MEMBER EXCLUSIVES

The Andromeda Strain

USA 1971, 131 mins
Director: Robert Wise


‘This is a thrilling plague film from 1971 – an imagining of future events. I’ve loved it since I first saw it.’
Pamela Davies, BFI Member

A satellite crashes in a small New Mexico town. Before long, the whole community is wiped out by a suspected alien virus. The government sends in a small team of scientists, who put themselves at huge risk while they examine the cause of the deaths. This faithful and thrilling take on Michael Crichton’s novel, featuring special effects by Douglas Trumbull, remains prescient, given the paranoia surrounding recent global events.
bfi.org.uk

In May 1969, former medical student Michael Crichton published his first novel under his own name (he’d already published three under the name John Lange and a fourth as Jeffrey Hudson, none of them genre). The Andromeda Strain was an instant hit with the critics and went on to become a best-seller, starting his long career with a bang. The film rights were snapped up by Universal who handed the project over to director Robert Wise who, in turn, commissioned an adaptation from his regular collaborator Nelson Gidding.

An American satellite code-named Scoop, crashes outside the small New Mexico town of Piedmont. When a retrieval team turns up looking for it, they find most of the town’s population dead. The authorities gather together an elite team of scientists to investigate the disaster, installing them at the hi-tech underground Wildfire facility, a top secret base in Nevada. Team leader Dr Jeremy Stone (Arthur Hill) and surgeon Dr Mark Hall (James Olson) venture into Piedmont and find two survivors, a very young baby and a drunk (George Mitchell) – they also discover that the victims died, some at their own hands, when their blood turned to powder. At Wildfire, the team – which also includes Dr Charles Dutton (David Wayne) and Dr Ruth Leavitt (Kate Reid) – realise that they’re dealing with a microscopic alien life form code-named Andromeda, a life form that is rapidly evolving. As the team begins to make breakthroughs, Andromeda evolves into something that can eat through plastic and when it threatens to escape the base, Wildfire activates it’s nuclear self-destruct system and the race is on to deactivate it before it goes off, allowing Andromeda to feed on its energy and multiply into a swarm that could wipe out the human race.

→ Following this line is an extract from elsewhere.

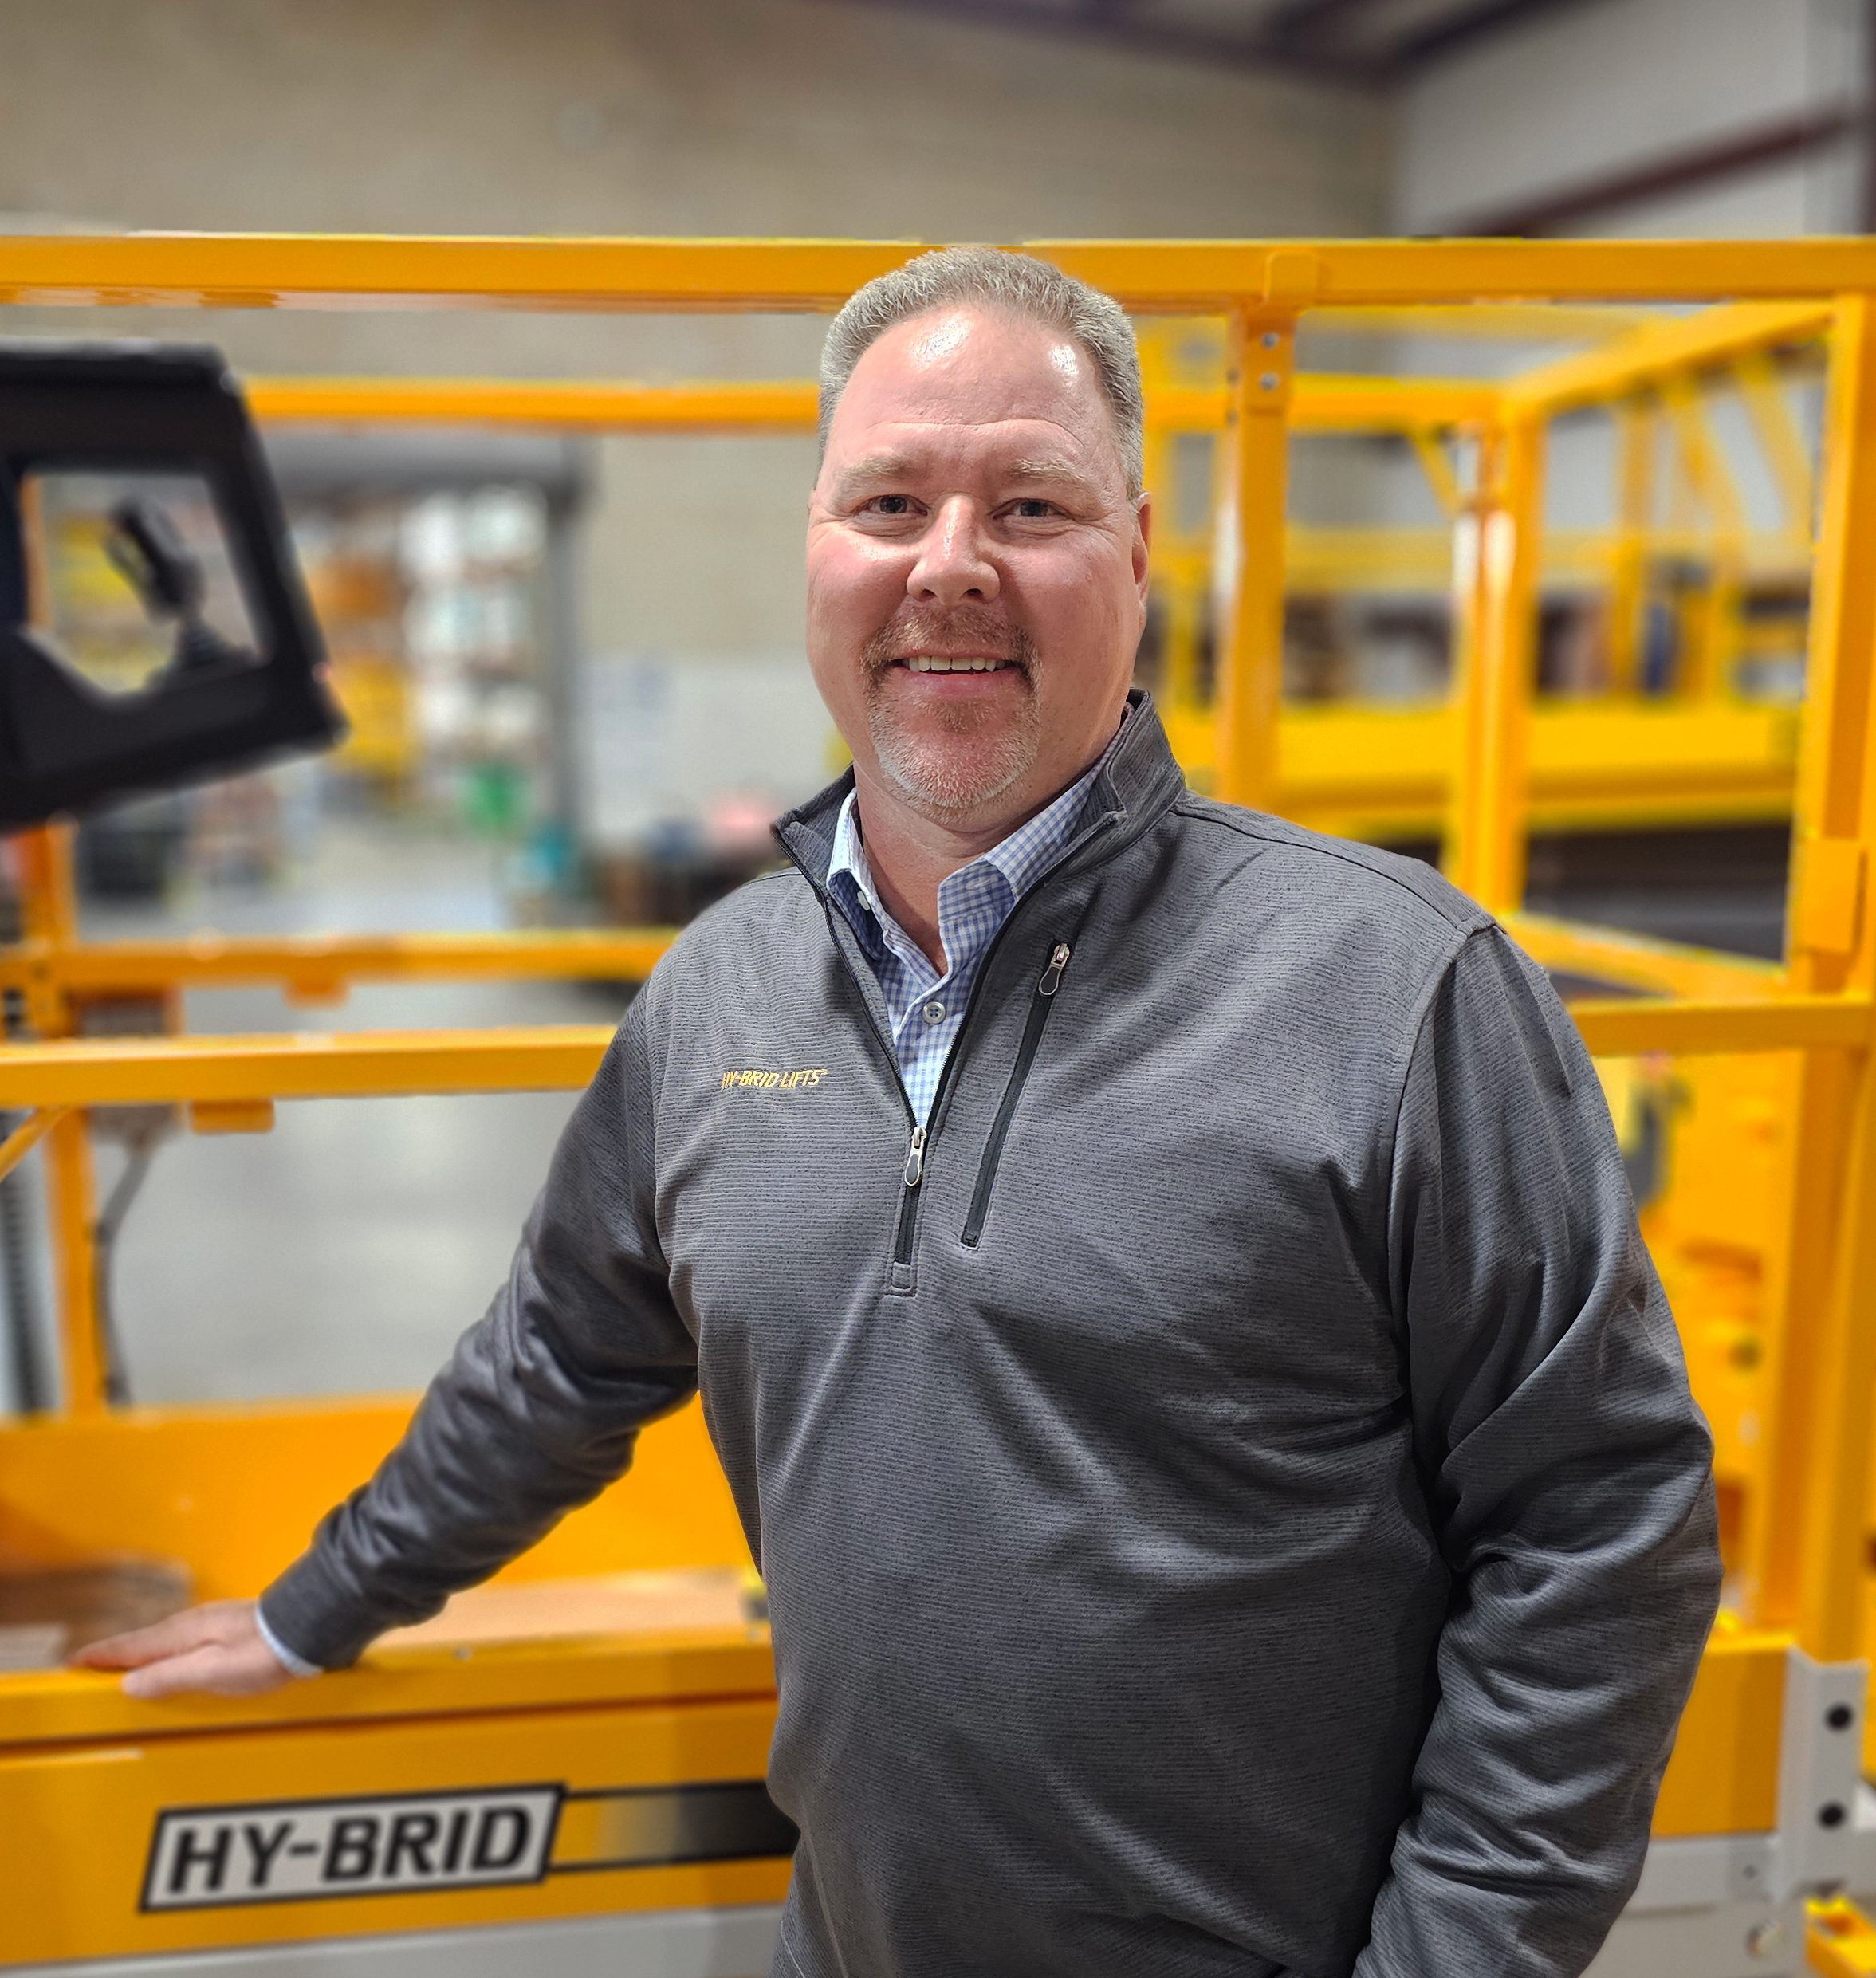 Hy-Brid Lifts Appoints New President and CEO

The film opens with a fake acknowledgment card suggesting that the events actually happened, a commonplace cinematic gimmick today but something fairly unusual at the time. It sets up the almost documentary-like approach to the novel adopted by Gidding and Wise, playing it like a procedural – the team is assembled and they begin piecing together the clues methodically, their often mundane labours pored over obsessively and with rigorous and uncompromising scientific verisimilitude (the scene of the monkey apparently dying after being exposed to Andromeda is incredibly distressing).

It was perhaps too methodical for some who find the film over-long and a little slow but The Andromeda Strain is never less than gripping. It’s not a snappily based thriller but it still manages to keep its audience enthralled as the team struggle to head off a ‘biological crisis’, slowly arriving at the truth about what Andromeda is and what it could do the Earth if it gets free. It’s a great example of the type of proper, serious science fiction cinema that was prevalent at the time.

Gidding’s script follows an unusual structure, initially jumping backwards and forwards in time in its first act, including to scenes of a hearing looking into the incident, before settling down once the team is installed in Wildfire. The third and final act becomes a more generic thriller as Hall scrambles to find a working station that he can use to deactivate the bomb, dodging computerised lasers and fighting off the effects of a gas that has been released by the base. It’s more traditional than the first two acts but it’s incredibly tense – the bleak nihilism of late 60s and early 70s screen science fiction left audiences unsure whether or not Hall would actually make it in time.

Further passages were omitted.